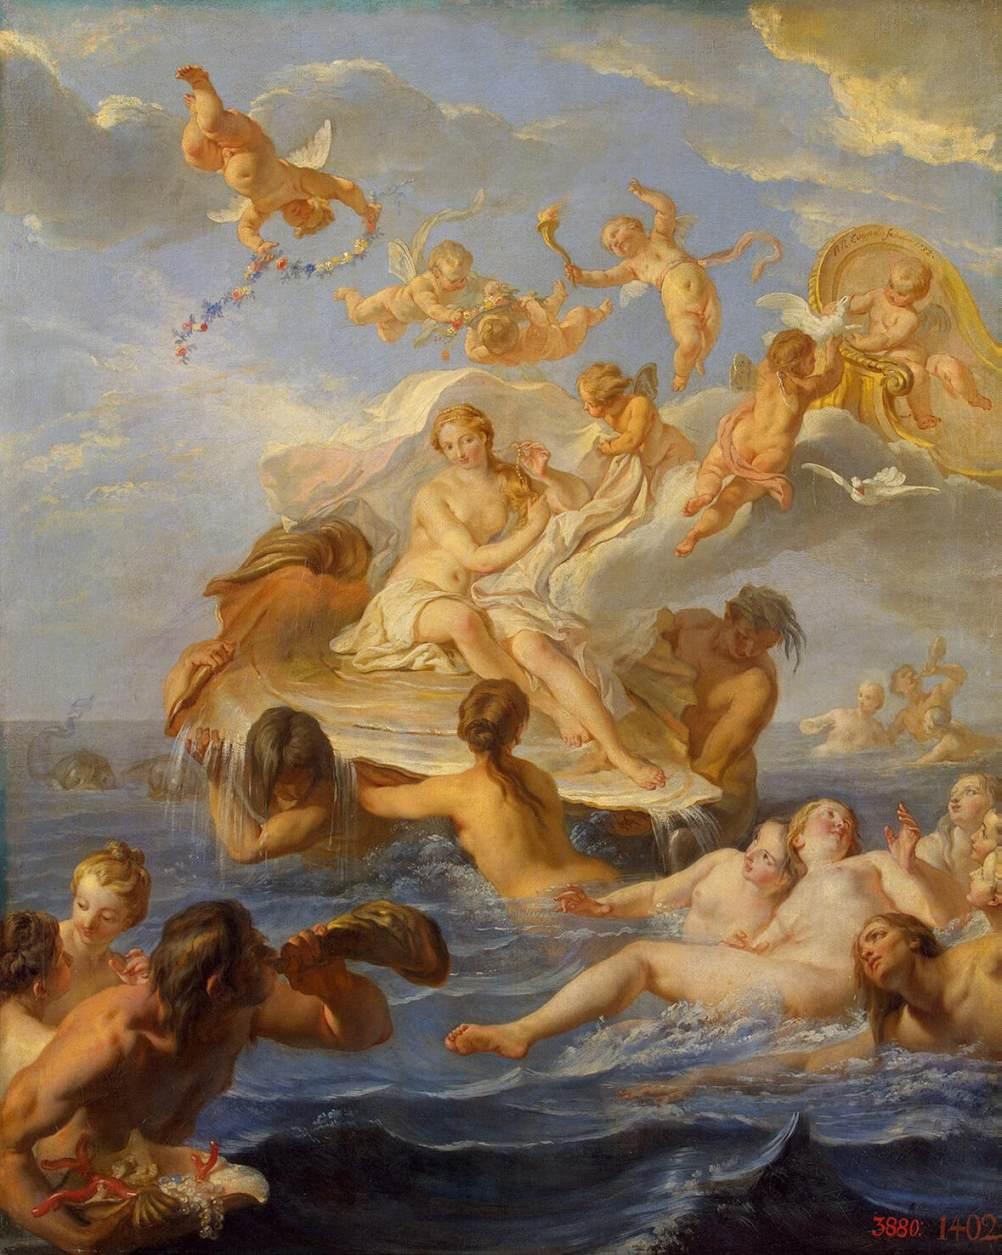 Painting: Coypel Birth of Venus
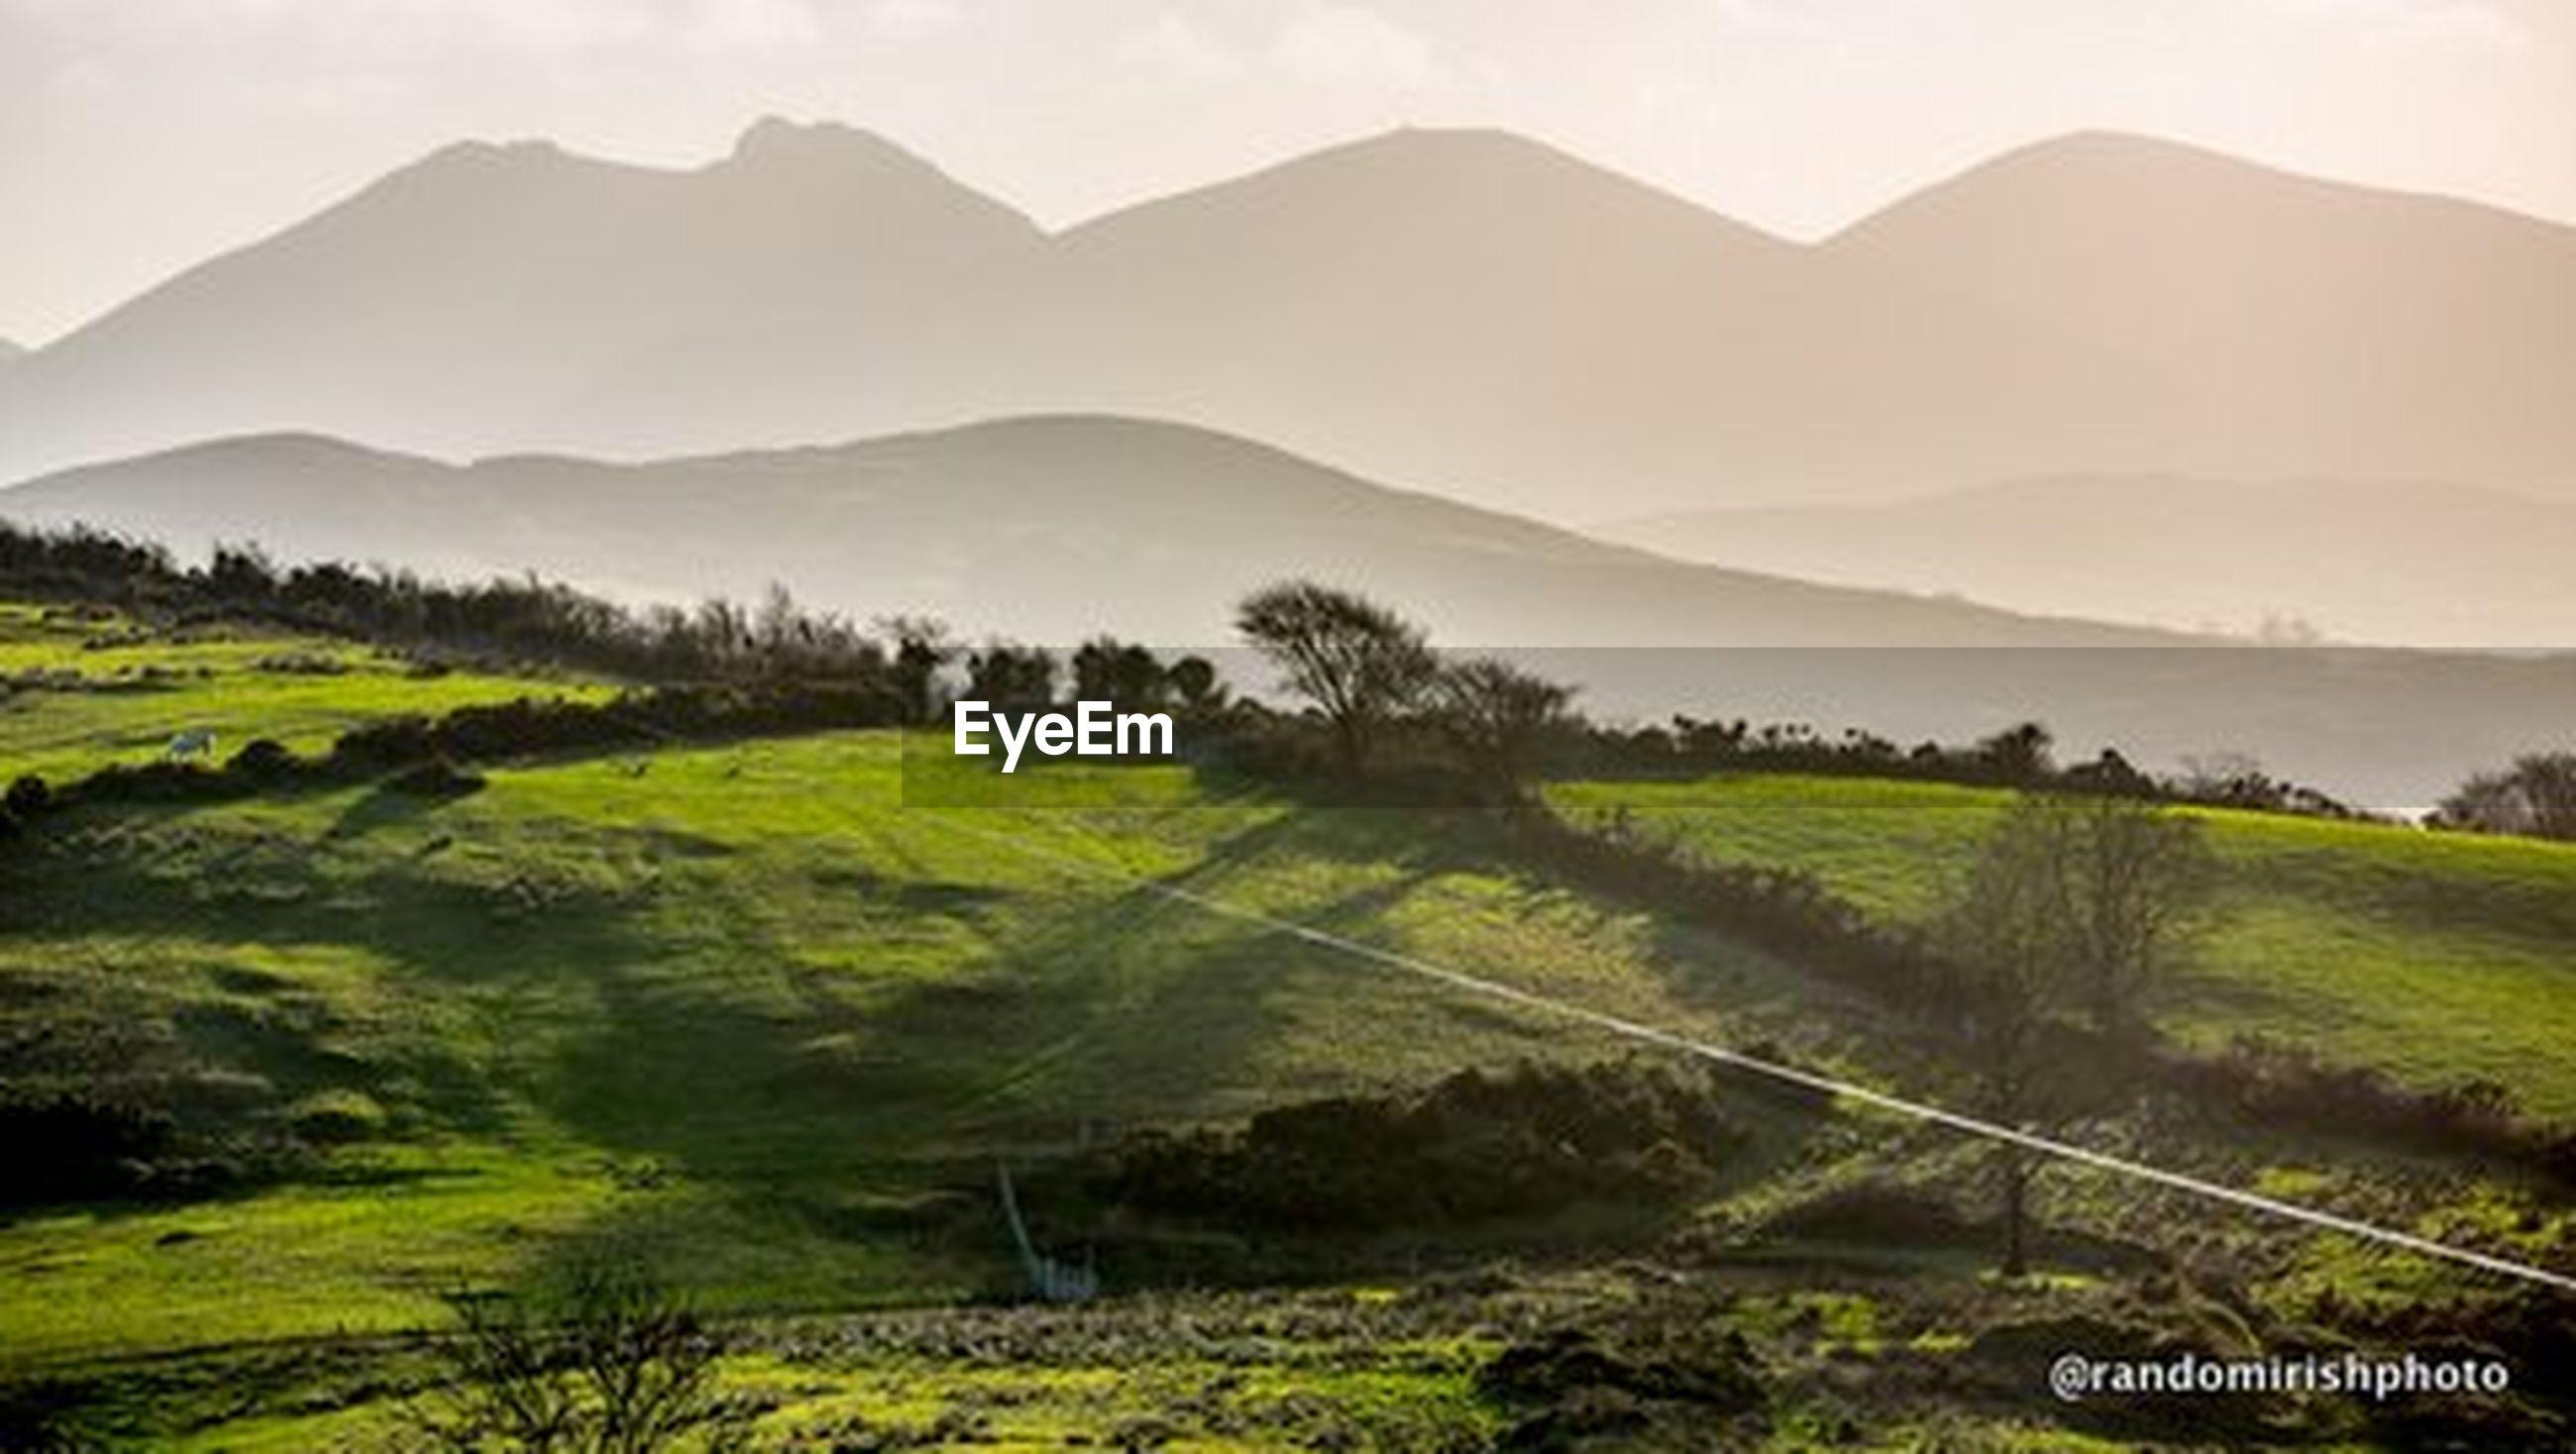 mountain, landscape, tranquil scene, tranquility, scenics, mountain range, beauty in nature, tree, rural scene, nature, field, agriculture, green color, non-urban scene, high angle view, farm, grass, idyllic, sky, remote
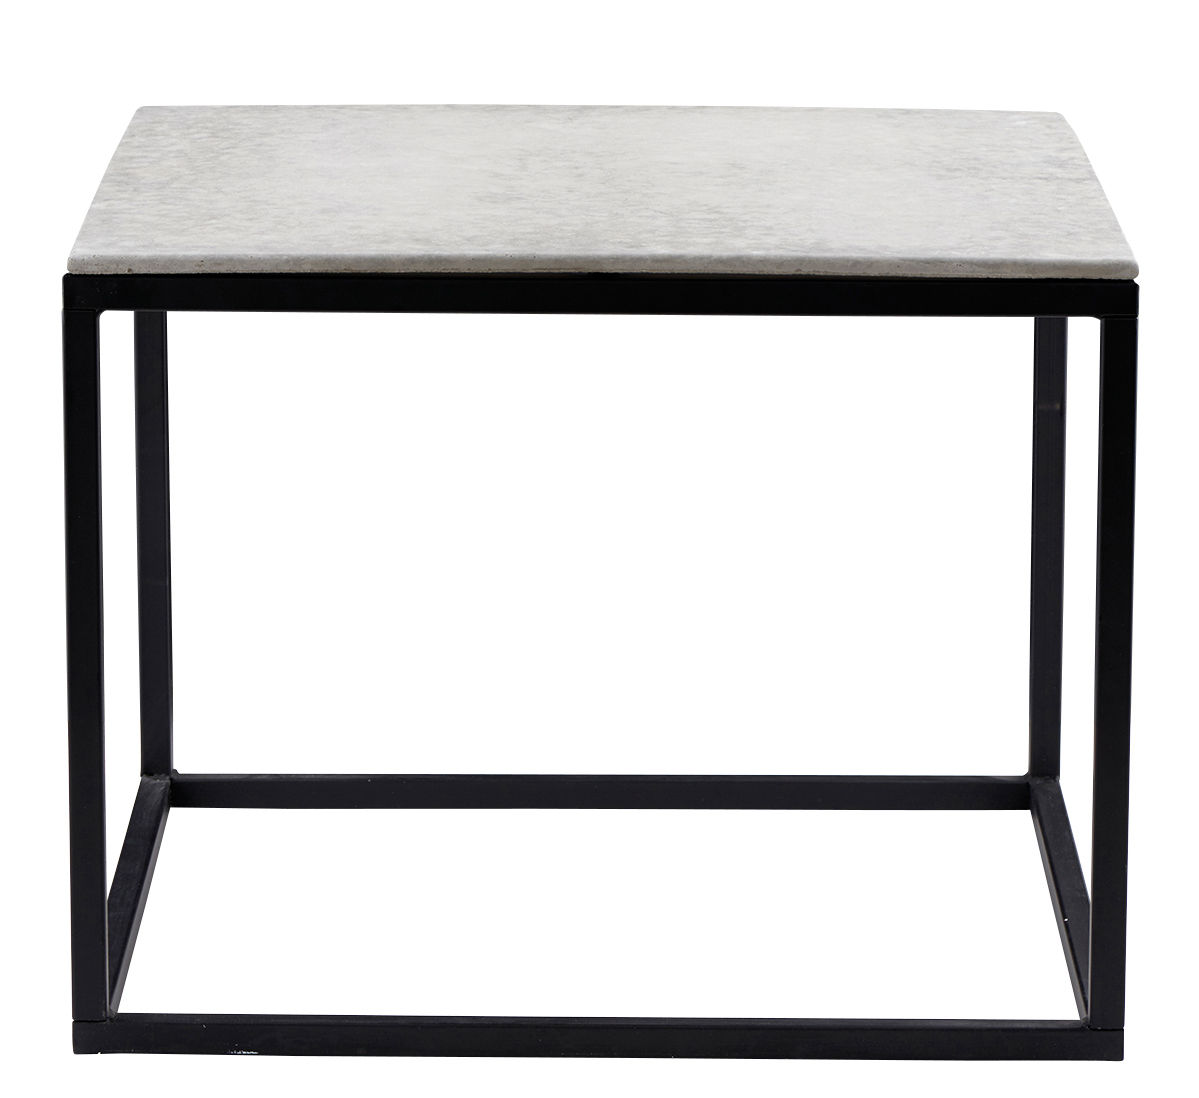 table basse plateau b ton 60 x 60 cm plateau b ton. Black Bedroom Furniture Sets. Home Design Ideas

WHAT IS REQUIRED: Starting at the first line of the data, set down each line exactly until you have copied the line with "mountain, landscape, tranquil", but leave the pictures out.

RESPONSE:
 Painting: Coypel Birth of Venus
 mountain, landscape, tranquil scene, tranquility, scenics, mountain range, beauty in nature, tree, rural scene, nature, field, agriculture, green color, non-urban scene, high angle view, farm, grass, idyllic, sky, remote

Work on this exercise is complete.